Scaramucci foresees that, thanks to its capacity for practically instant and costless transactions, blockchain technology will pose an existential crisis for traditional finance businesses, to which they can either succumb in defeat or embrace and thrive. 

Using the analogy of the rise of internet protocol telephony and free-calling apps, he asks: “Does the phone company survive? Yes, they survived. They’re just doing different things now. And that’s my message to the TradFi people: ‘Relax. We’re all going to be fine.’ But you got to adapt. You’ve got to be a Swiss Army knife in this world right now. You’ve got to pull out another weapon. The one that you were using traditionally is not going to be the one you’re going to be using in the future.”

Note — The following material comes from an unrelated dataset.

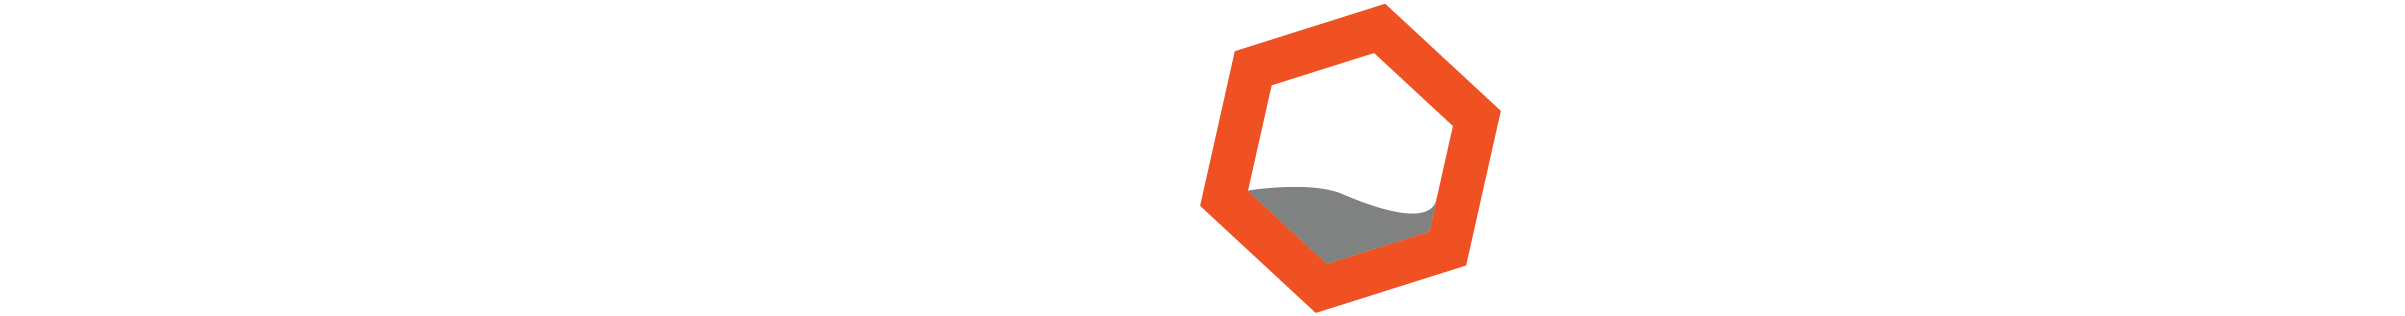 Buzzworthy integrated marketing logo

Amid expanding crypto ownership and continued evolution of the technologies underpinning the industry, Scaramucci says it’s inevitable that governments will allow exposure to crypto assets, even in such crypto-unfriendly countries as China.

“We have 73 million people in the United States that own a piece of a cryptocurrency. Good luck (resisting it), because that’s like a decentralized lobbying organization,” he said. “(Miami) Mayor (Francis) Suarez was here at dinner with me the other night. He says, ‘Hey, you know how many people it takes to win the presidency?’ I said, ‘No, sir. How many?’ ‘Fifty-five to 60 million. You know how many people own Bitcoin? Seventy-five million.’ Trust me, these people are going to be pro-Bitcoin going into that (U.S.) presidential candidacy in 2024.”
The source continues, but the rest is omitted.